The Better the Counterfeit, the Greater the Danger
There can be no rational defense for counterfeit money,
even a "perfect" counterfeit. The false prosperity which would
inevitably follow the introduction of a perfect counterfeit into
circulation would just as inevitably be followed by a collapse of that
false prosperity under the weight of rising prices. The counterfeiter
would gain, and everyone else would lose.
The crime of the counterfeiter is not that he has
usurped a prerogative which the government has taken unto itself; it
lies in the grave damage he can inflict upon the economic, social, and
political structure of the country whose money he counterfeits. The more
successful he is, the more damage he does. A perfect counterfeit would
eventually destroy the value of all money, including the counterfeit. In
doing so, it would create a condition of social and political chaos. It
is with good reason that every person in the country should fear and
abhor even the idea of a perfect, undetectable counterfeit money.
Bank-Created Credit
By an incredible paradox, our official monetary policy
supports a practice, the effects of which are precisely those of a
perfect counterfeit money. That practice, defended by economists,
businessmen, bankers, and government, is the creation of credit through
the commercial banking system.
There can be no doubt that credit plays an important
role in diversified and specialized economies. Through credit, the
entire economic cycle-from demand to production, distribution, exchange,
and consumption-can be enhanced in function and effectiveness.
Legitimate credit has a legitimate place in the economic processes by
which we survive and prosper.
There is, however, a crucial difference, in both nature
and effect, between legitimate credit, and the credit created through
the commercial banking system. Legitimate credit involves the temporary
loan of existing money between one party and another. Bank credit
involves the creation of a substitute for money. This substitute,
usually in the form of a demand deposit, is officially defined as money.
As an addition to the money supply, it is indistinguishable from any
other form of money; it becomes, in its effects, a perfect counterfeit.

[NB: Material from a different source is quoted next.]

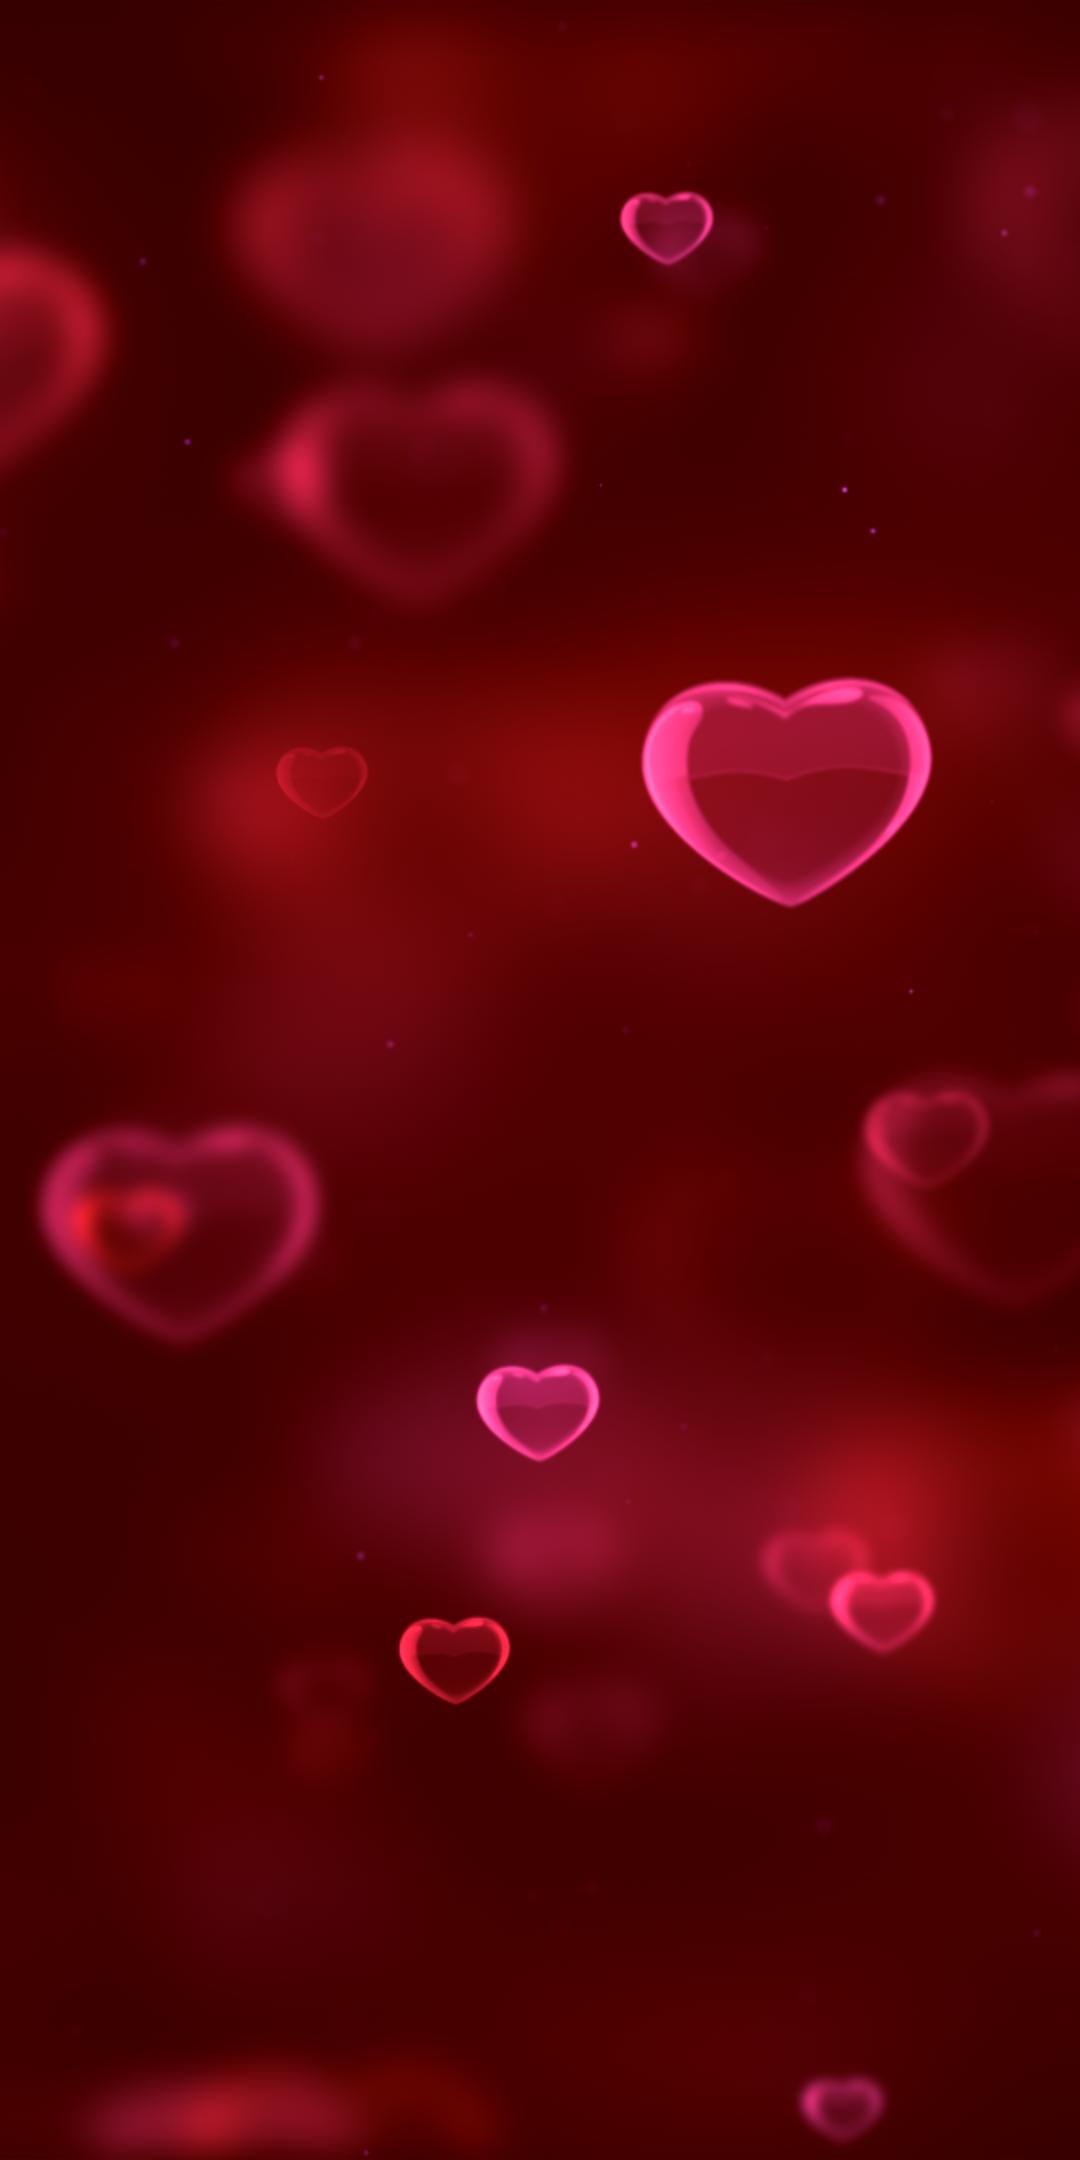 Love Red Hearts Girly Pink Blur 1080x2160 Wallpaper Love Wallpaper Backgrounds Pink Wallpaper Iphone Valentines Wallpaper

The creation of bank credit is made possible by the
concept of fractional-reserve banking. Quite lawfully, today's
commercial bank need not retain all the money placed on deposit by
customers; it is required to safeguard only a small percentage of that
money as a reserve. The balance is available for the use of the bank in
its profit-making operations, primarily loans and investments.
Reserve requirements, established by the Board of
Governors of the Federal Reserve System, will vary with the
classification of the bank, the type of deposit, and the changing
monetary policy of the Fed. For purposes of illustration of the simplest
form of credit creation through the commercial banking system, assume a
10 % reserve requirement for demand deposits at THE BANK.
Mrs. A opens a checking account with THE BANK by
depositing $1000 in cash. Since cash in THE BANK's vault is counted as
part of its reserves, the ledger entry made by THE BANK would take the
following general form:
| ASSETS |
|
|
LIABILITIES |
| Reserves |
+$1000 |
|
Demand Deposits |
+ $1000 |
Since reserve requirements are 10%, or $100 of Mrs. A's
deposit, THE BANK now has $900 in excess reserves.
Mr. B, a known customer, now wishes to borrow $900. THE
BANK accommodates him by crediting $900 to his checking account. The
ledger now shows:
| ASSETS |
|
LIABILITIES |
| (Mrs. A) Reserves |
+$1000 |
Demand Deposits |
+ $1000 |
| (Mr. B) Loans |
$ 900 |
Demand Deposits |
$ 900 |
It can be seen that the $1000 deposited by Mrs. A has
resulted in checking account balances of $1900. THE BANK has created
credit, in the form of a demand deposit, of $900. Essentially, Mrs. A
and Mr. B may now spend the same "money" at the same time.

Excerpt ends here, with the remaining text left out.